> To do
Return the lines of the data below starting at the one holding "Εικόνα 37. Υποκυτταρικός" and ending at the one holding "Qcentroid And Quindata.io", word for word, leaving every picture out.

> Data shown

<<<<

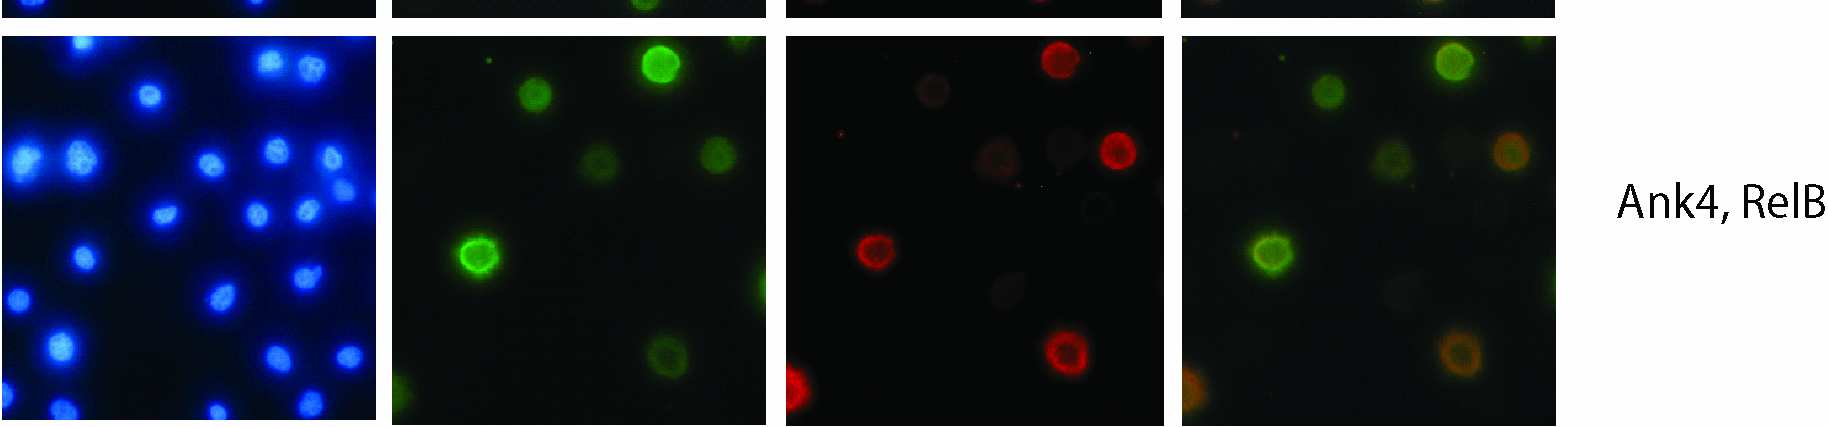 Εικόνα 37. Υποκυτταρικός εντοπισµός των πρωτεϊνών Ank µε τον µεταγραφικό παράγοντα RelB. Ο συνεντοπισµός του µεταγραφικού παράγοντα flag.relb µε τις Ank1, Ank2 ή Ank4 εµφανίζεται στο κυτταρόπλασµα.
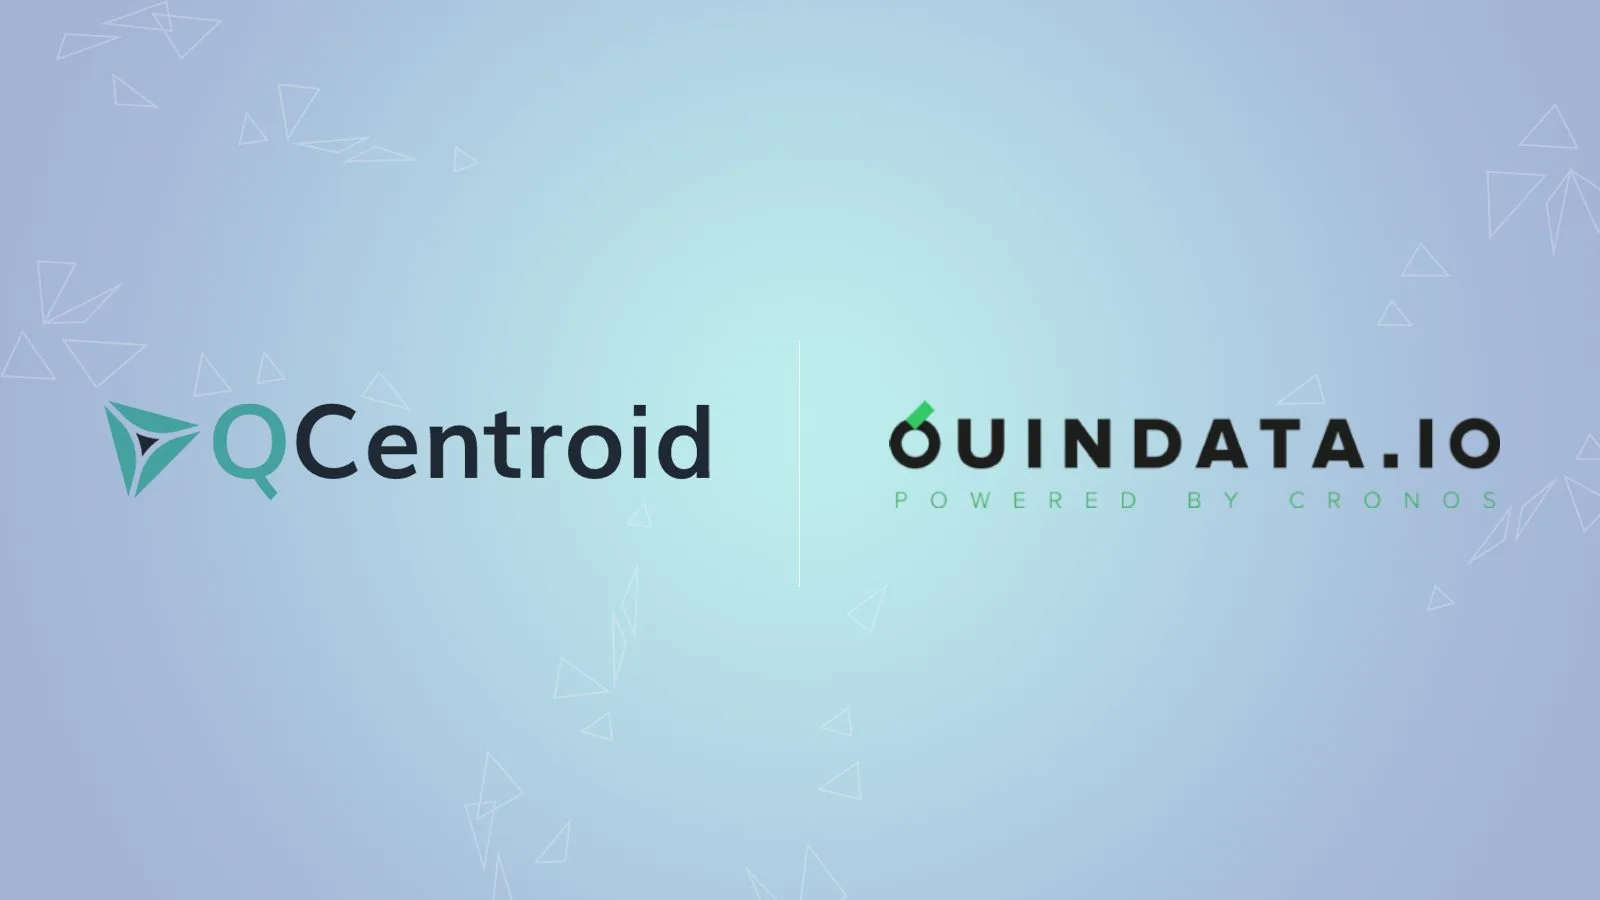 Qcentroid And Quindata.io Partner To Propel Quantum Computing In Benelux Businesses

>>>>
<<<<

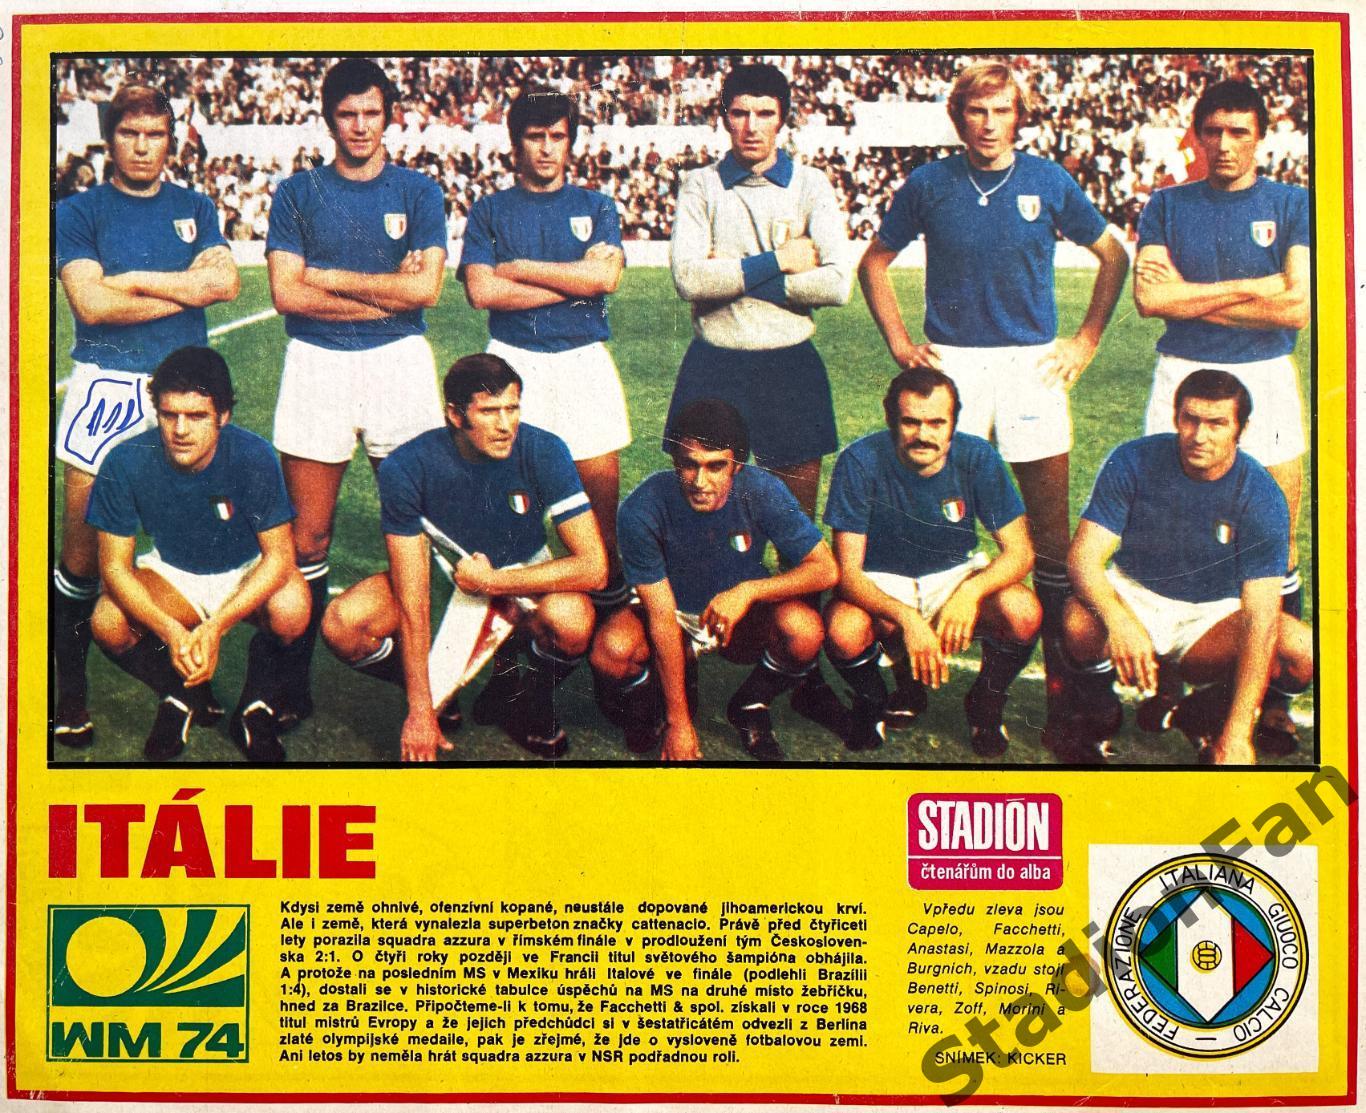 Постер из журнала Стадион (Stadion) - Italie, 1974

>>>>

> Finished task
 Εικόνα 37. Υποκυτταρικός εντοπισµός των πρωτεϊνών Ank µε τον µεταγραφικό παράγοντα RelB. Ο συνεντοπισµός του µεταγραφικού παράγοντα flag.relb µε τις Ank1, Ank2 ή Ank4 εµφανίζεται στο κυτταρόπλασµα.
 Qcentroid And Quindata.io Partner To Propel Quantum Computing In Benelux Businesses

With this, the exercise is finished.